Problem details: Print the data exactly. Omit the pictures.

Supplied information:

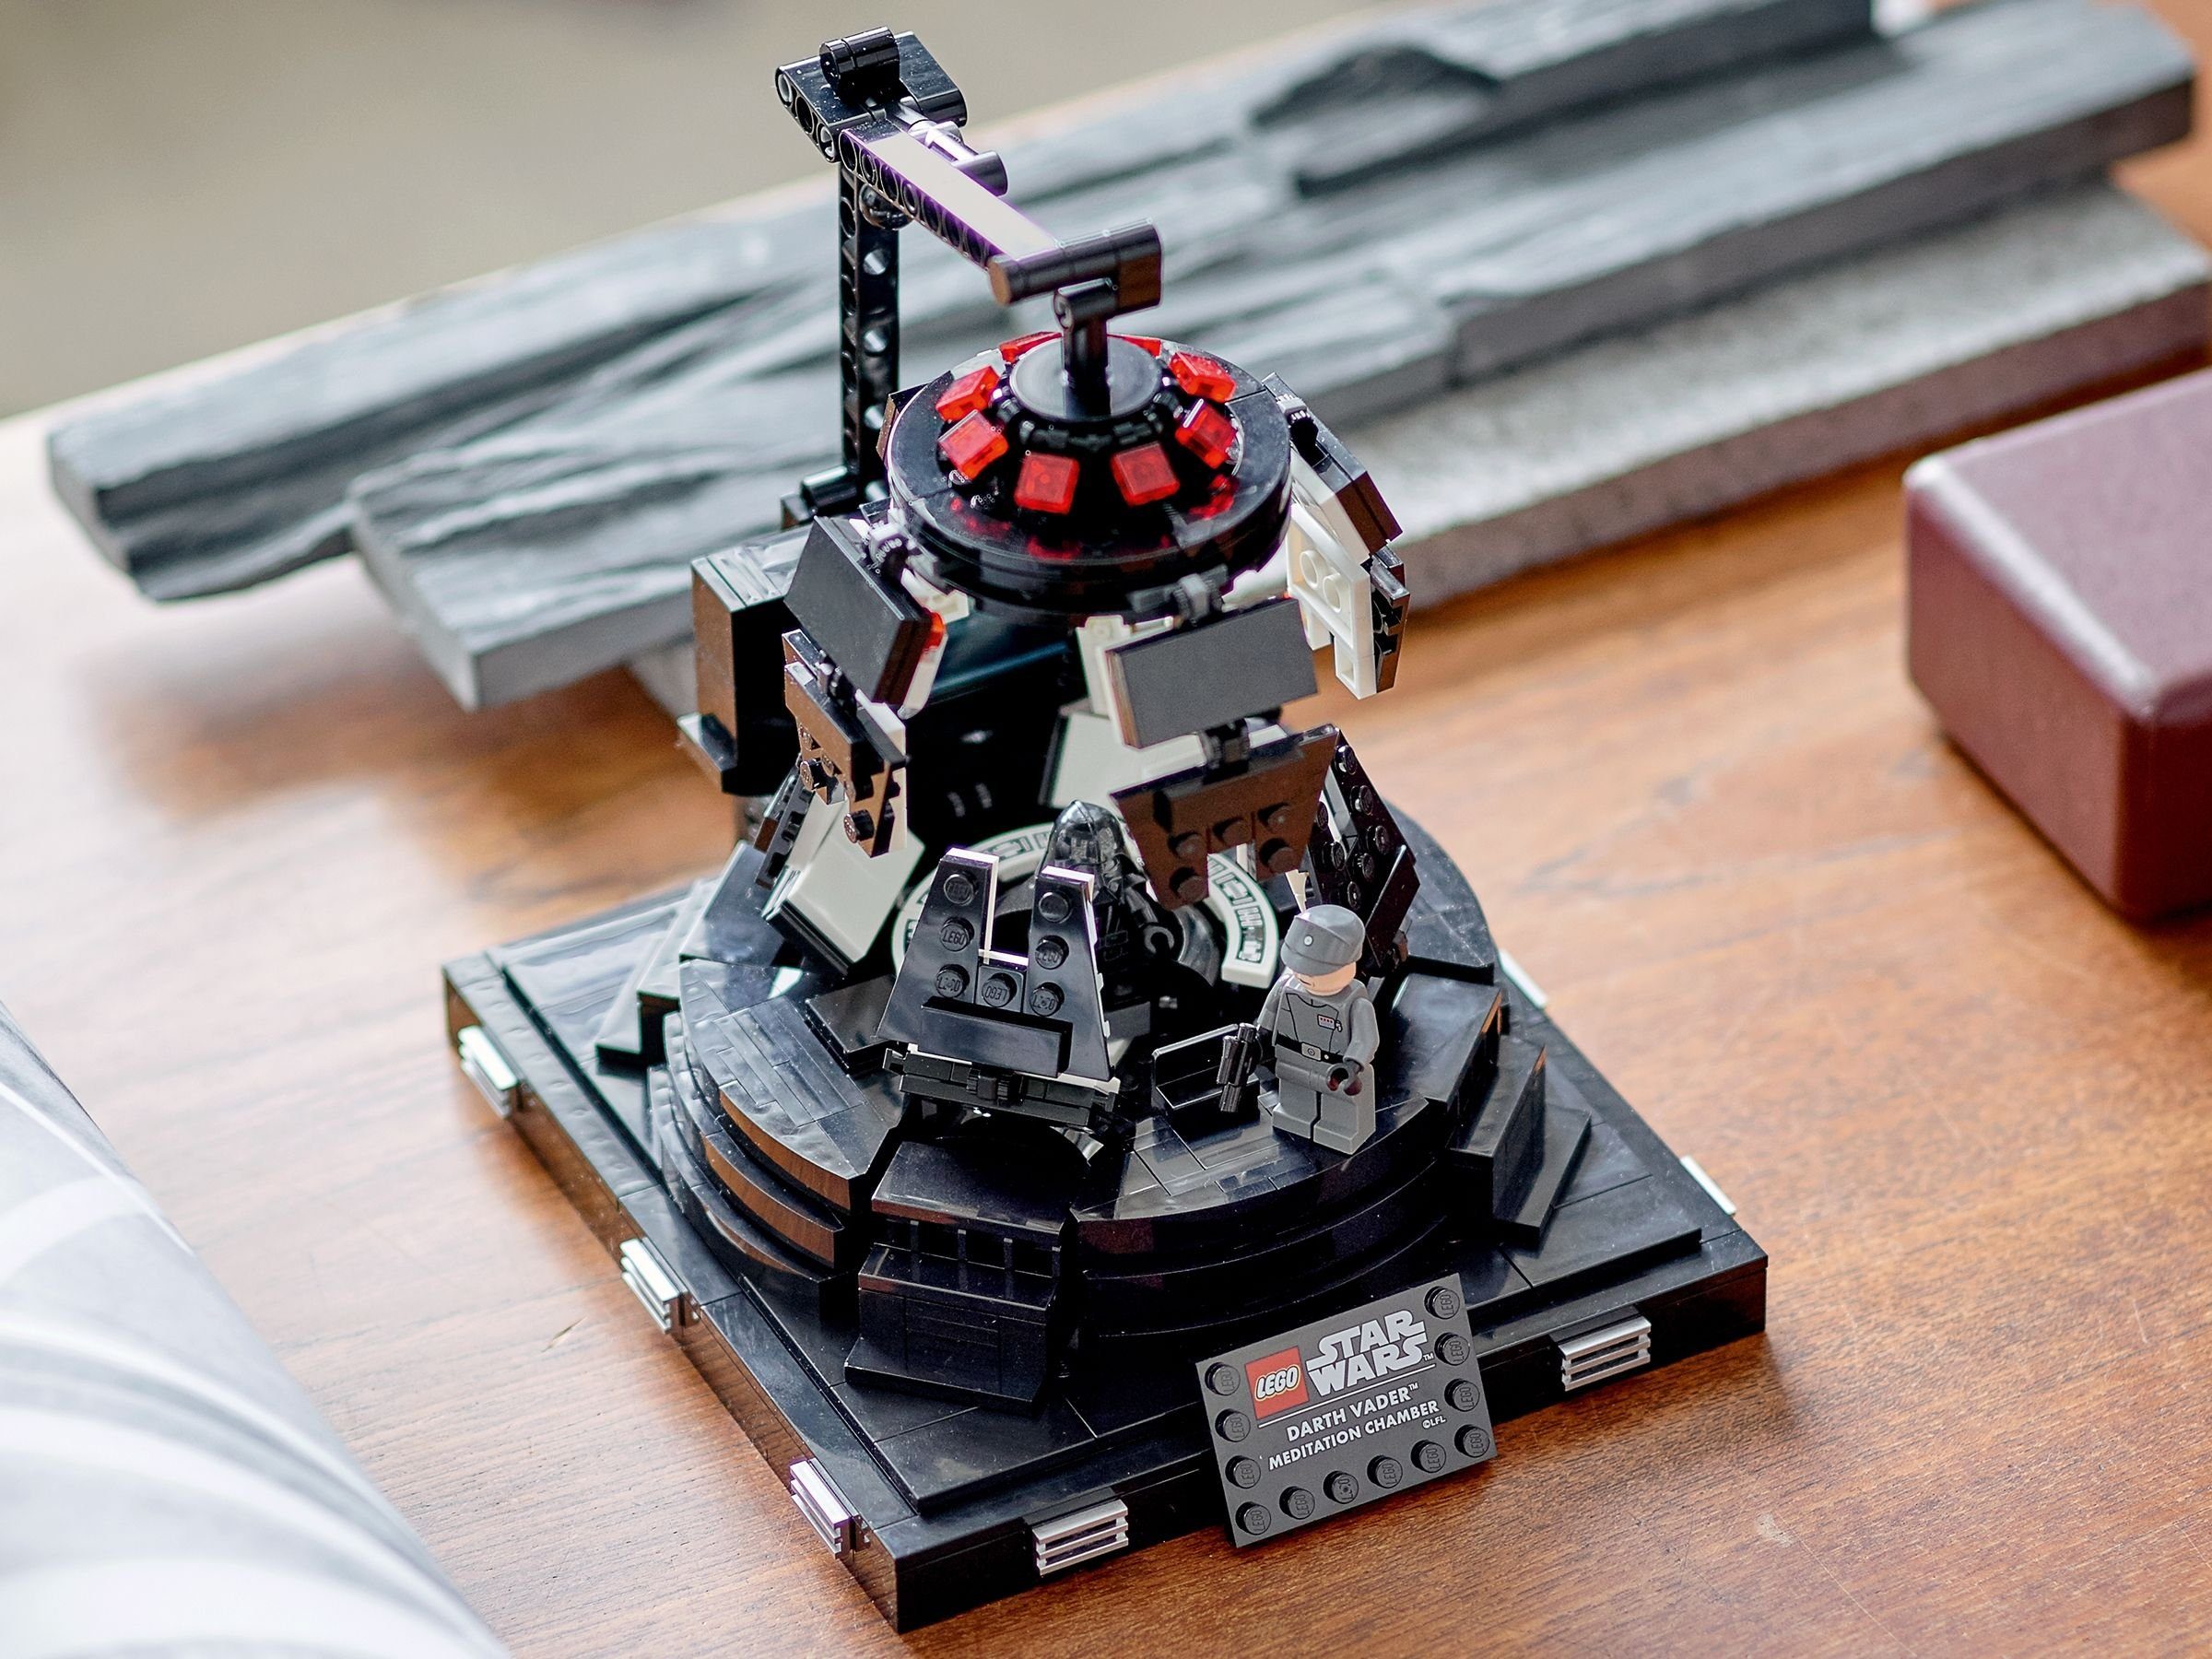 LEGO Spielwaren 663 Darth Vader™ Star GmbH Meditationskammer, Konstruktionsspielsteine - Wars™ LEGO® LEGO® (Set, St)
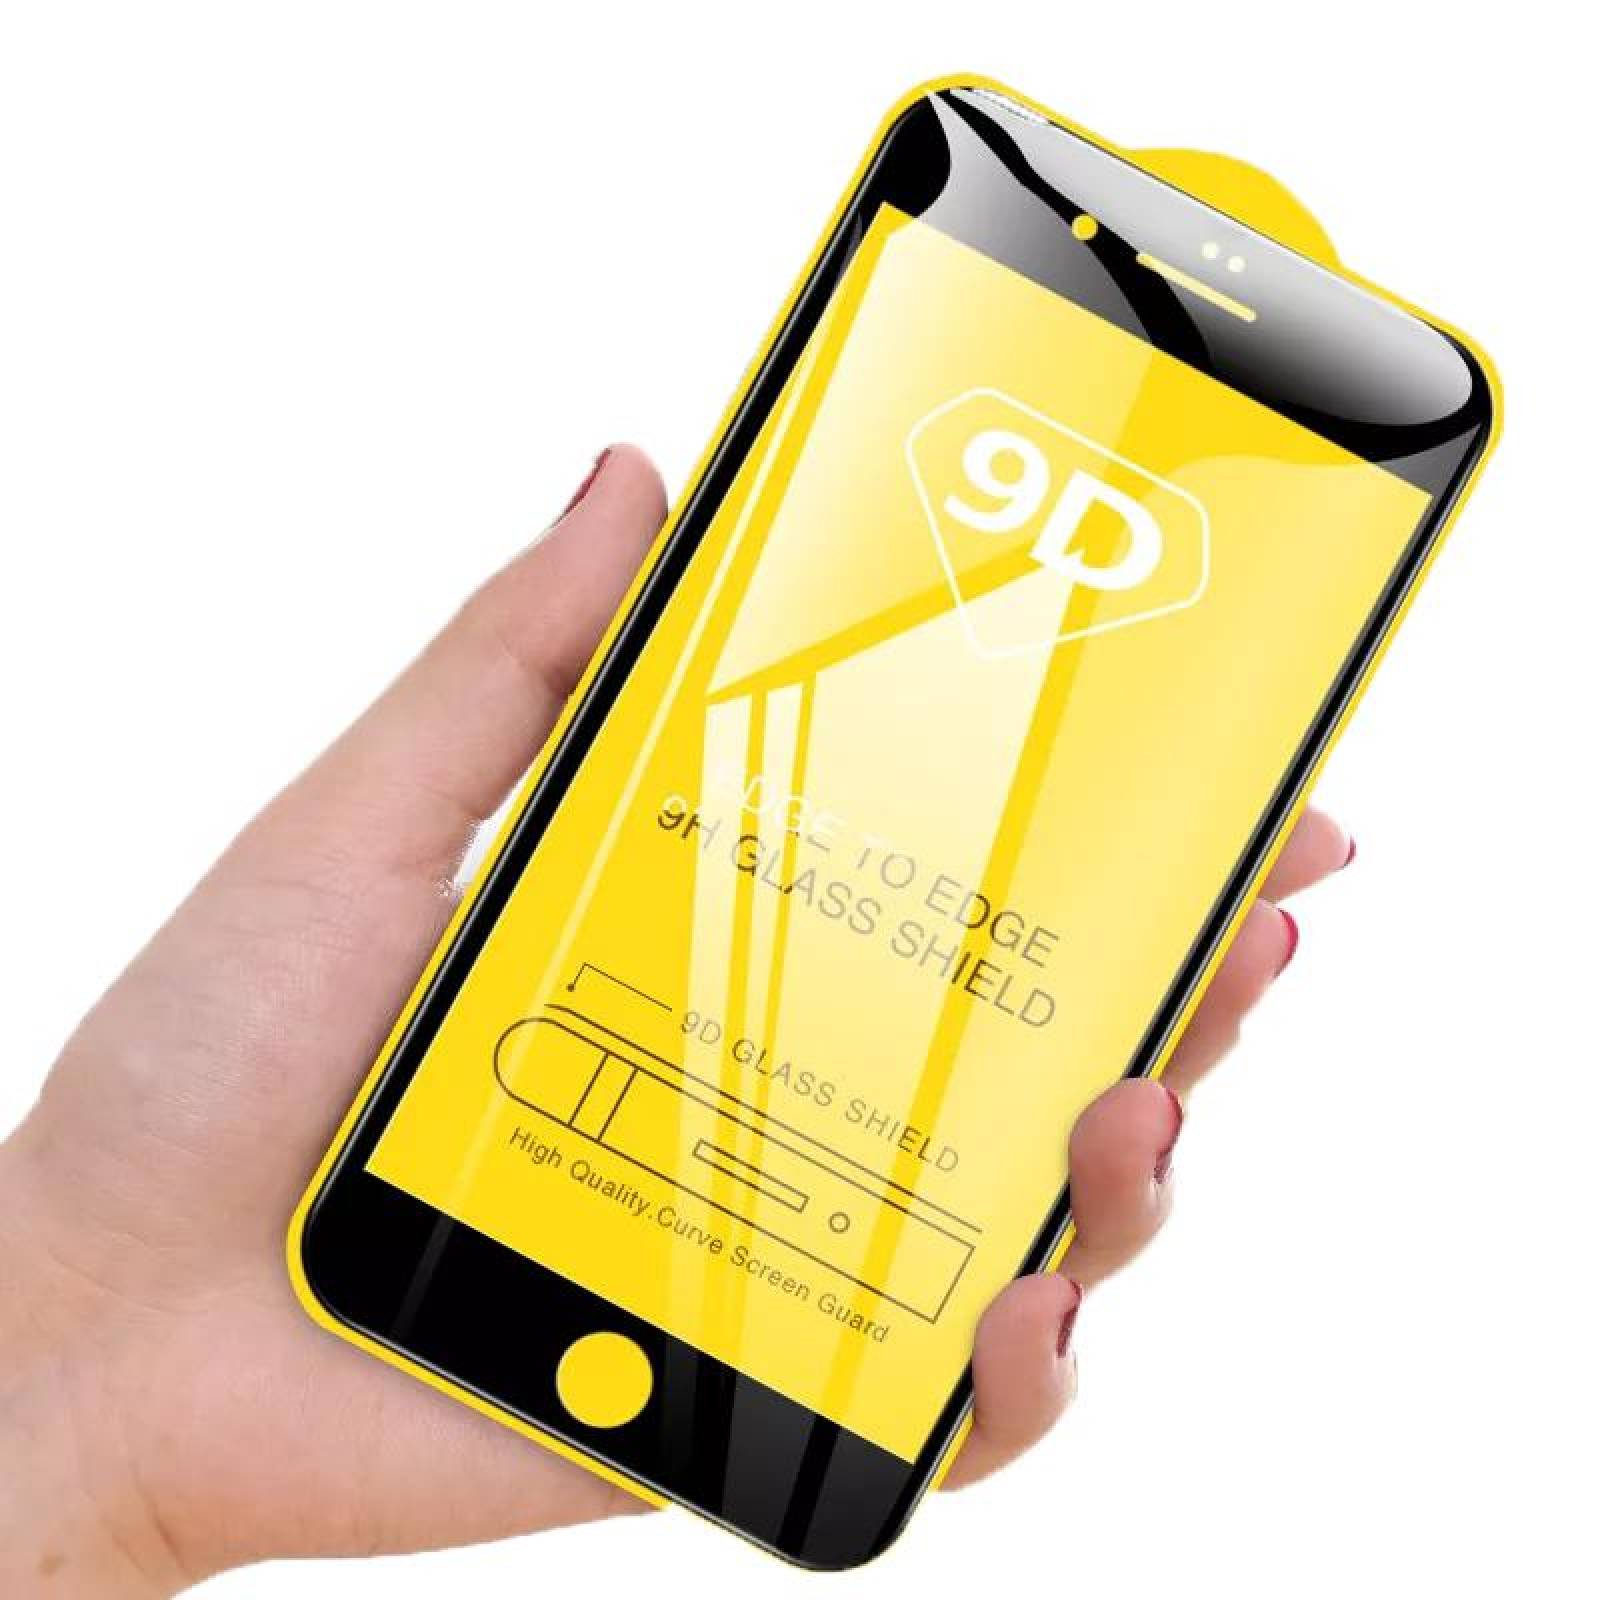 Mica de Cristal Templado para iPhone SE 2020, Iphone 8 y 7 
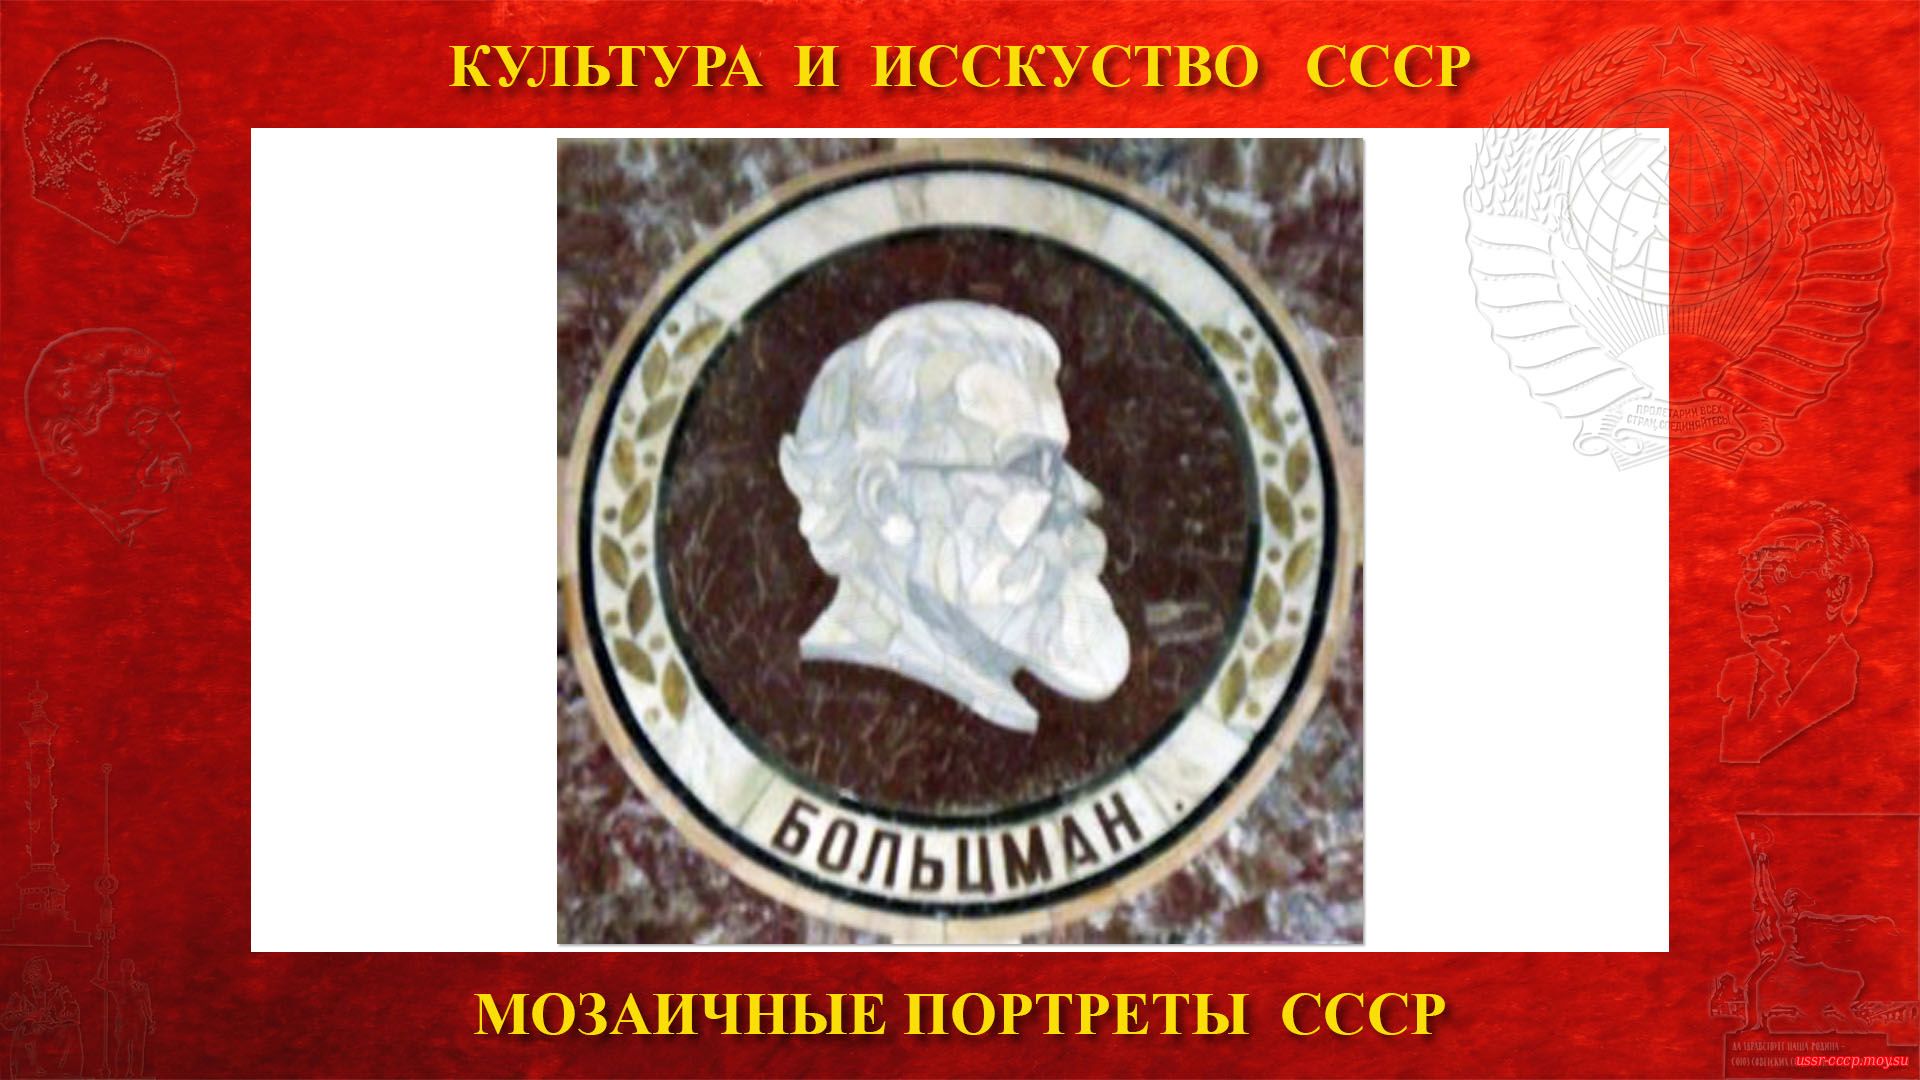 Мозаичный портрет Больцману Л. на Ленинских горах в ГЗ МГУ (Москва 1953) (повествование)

Exercise response:
 LEGO Spielwaren 663 Darth Vader™ Star GmbH Meditationskammer, Konstruktionsspielsteine - Wars™ LEGO® LEGO® (Set, St)
 Mica de Cristal Templado para iPhone SE 2020, Iphone 8 y 7 
 Мозаичный портрет Больцману Л. на Ленинских горах в ГЗ МГУ (Москва 1953) (повествование)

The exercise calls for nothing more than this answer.